And Estha, walking on the riverbank, couldn’t feel the wetness of the rain, or the sudden shudder of the cold puppy that had temporarily adopted him and squelched at his side. He walked past the old mangosteen tree and up to the edge of a laterite spur that jutted out into the river. He squatted on his haunches and rocked himself in the rain. The wet mud under his shoes made rude, sucking sounds. The cold puppy shivered-and watched.


Baby Kochamma and Kochu Maria, the vinegar-hearted, short-tempered, midget cook, were the only people left in the Ayemenem House when Estha was re-Returned. Mammachi, their grandmother, was dead. Chacko lived in Canada now, and ran an unsuccessful antiques business.

As for Rahel…

After Ammu died (after the last time she came back to Ayemenem, swollen with cortisone and a rattle in her chest that sounded like a faraway man shouting), Rahel drifted. From school to school. She spent her holidays in Ayemenem, largely ignored by Chacko and Mammachi (grown soft with sorrow, slumped in their bereavement like a pair of drunks in a toddy bar) and largely ignoring Baby Kochamma. In matters related to the raising of Rahel, Chacko and Mammachi tried, but couldn’t. They provided the care (food, clothes, fees), but withdrew the concern.

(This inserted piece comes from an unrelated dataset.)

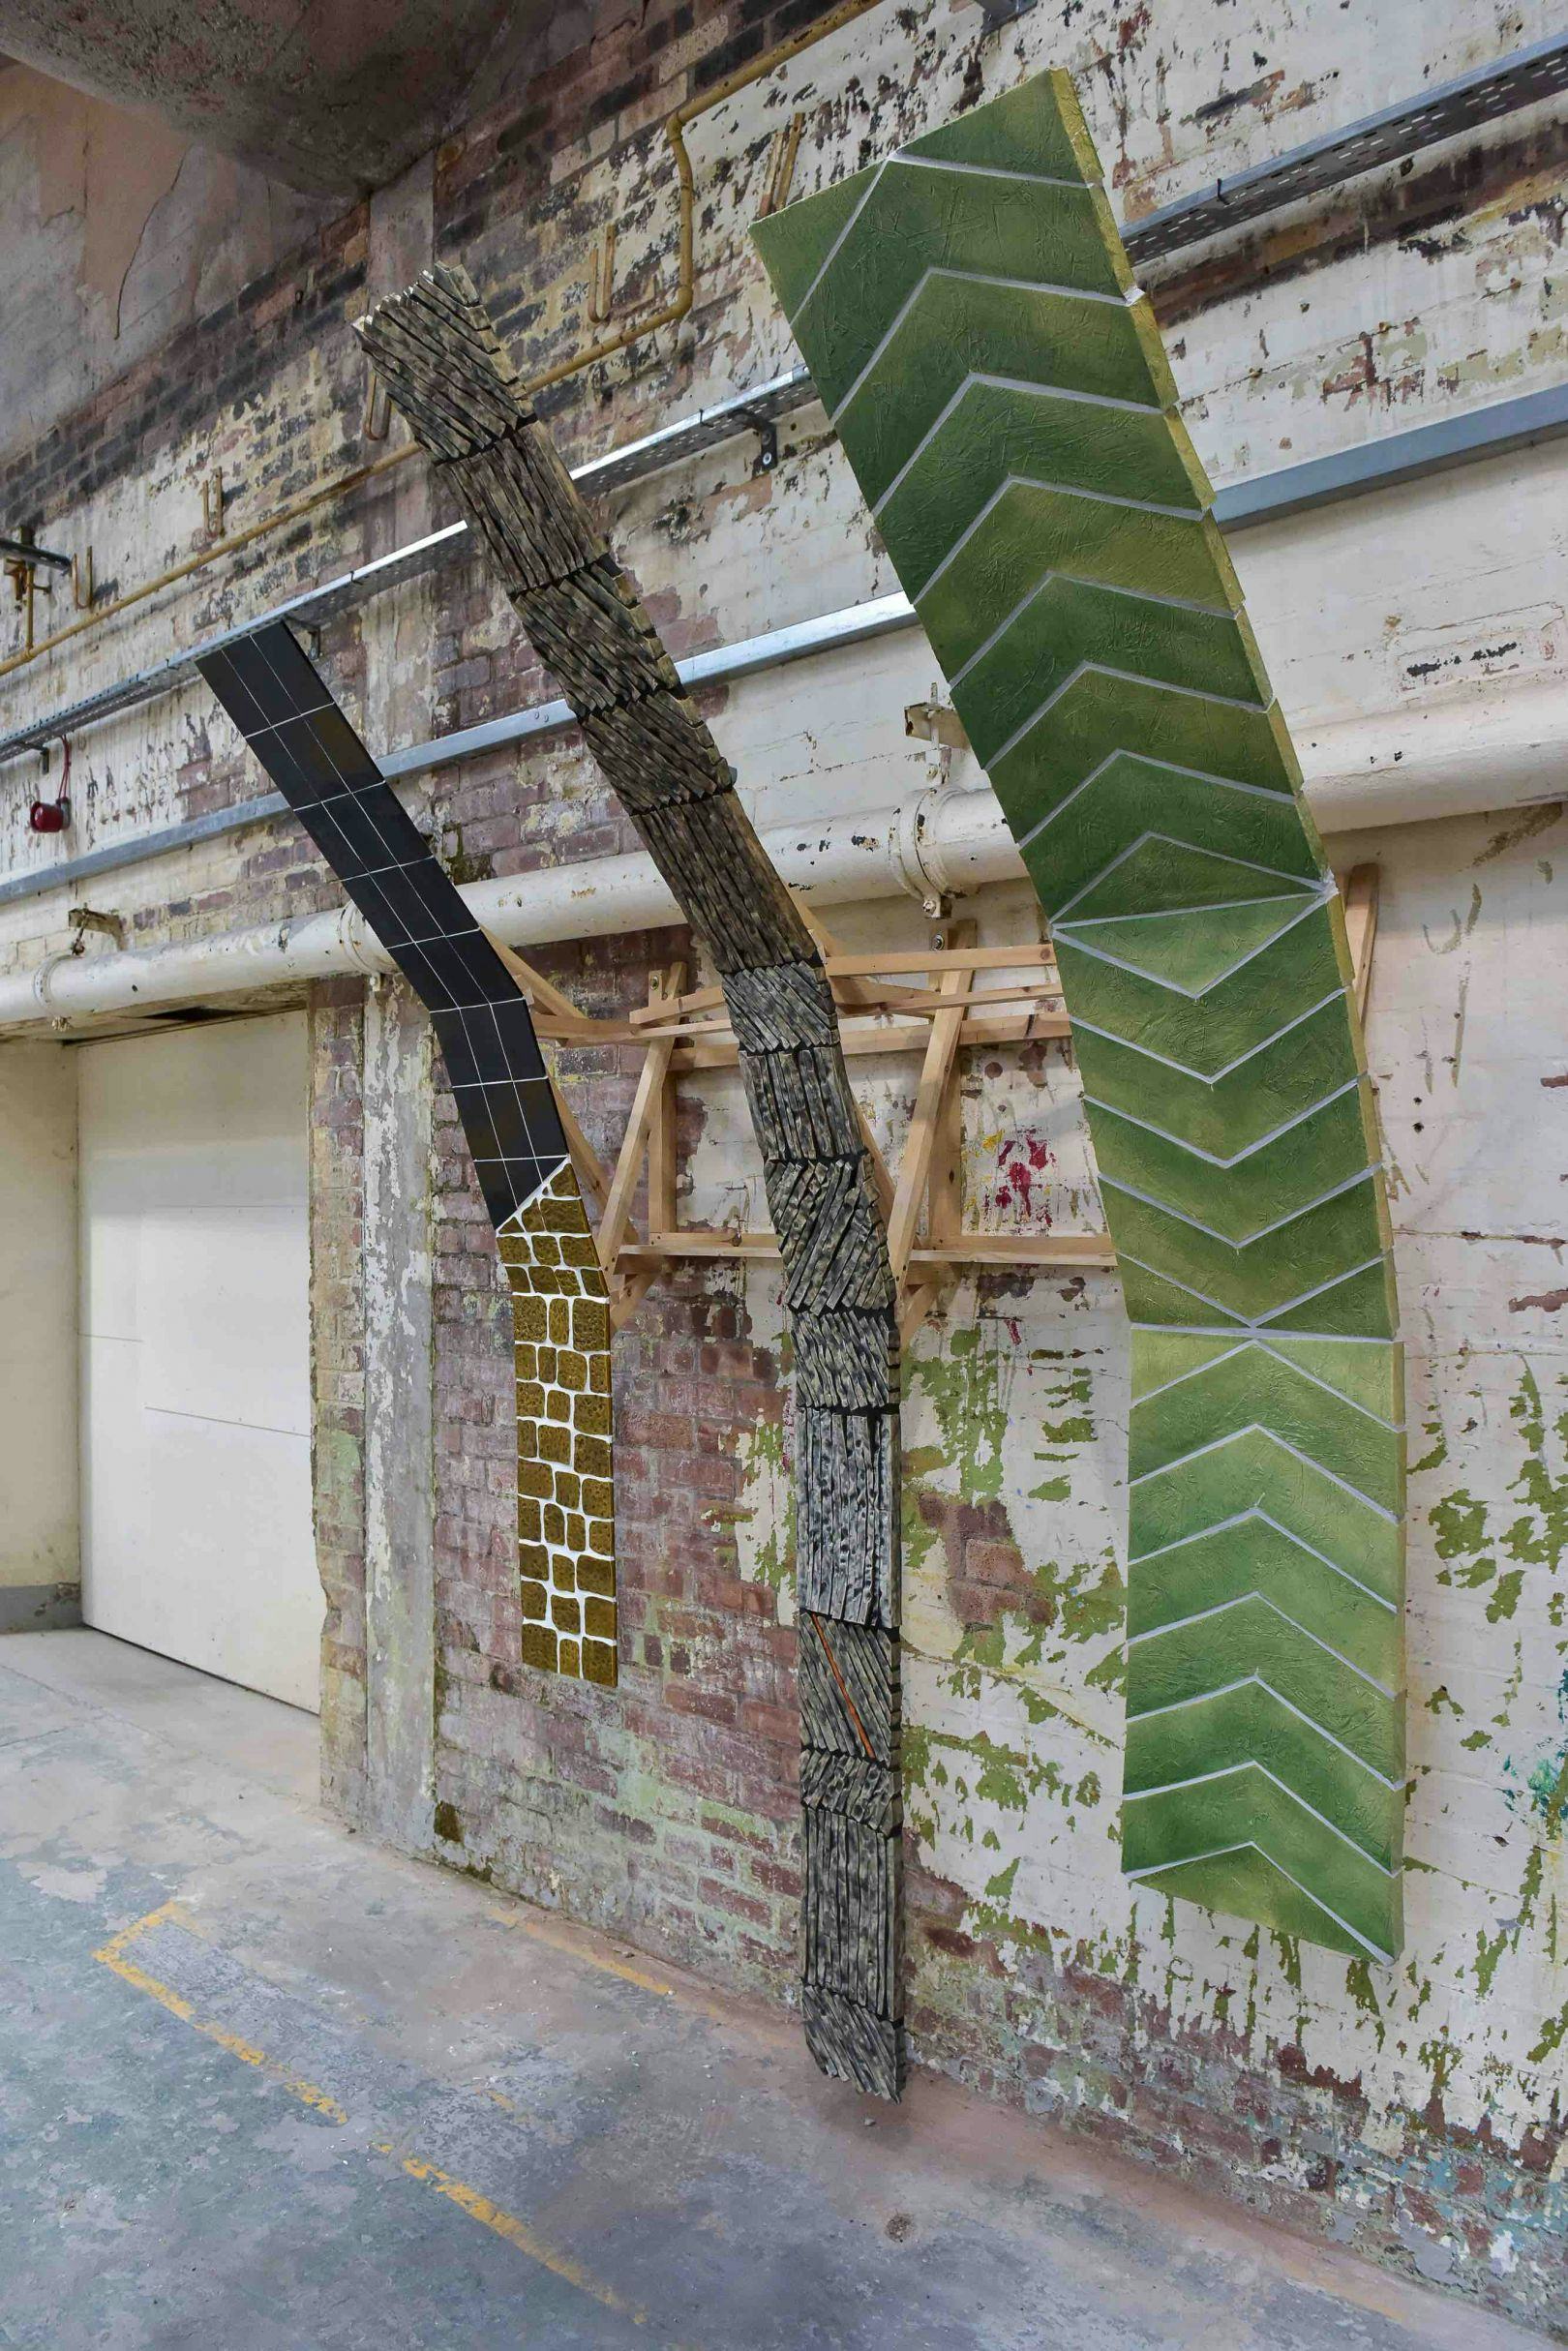 Three large, tiled artworks hang in an old building and curve up and over away from the wall

The Loss of Sophie Mol stepped softly around the Ayemenem House like a quiet thing in socks. It hid in books and food. In Mammachi’s violin case. In the scabs of the sores on Chacko’s shins that he constantly worried. In his slack, womanish legs.

It is curious how sometimes the memory of death lives on for so much longer than the memory of the life that it purloined.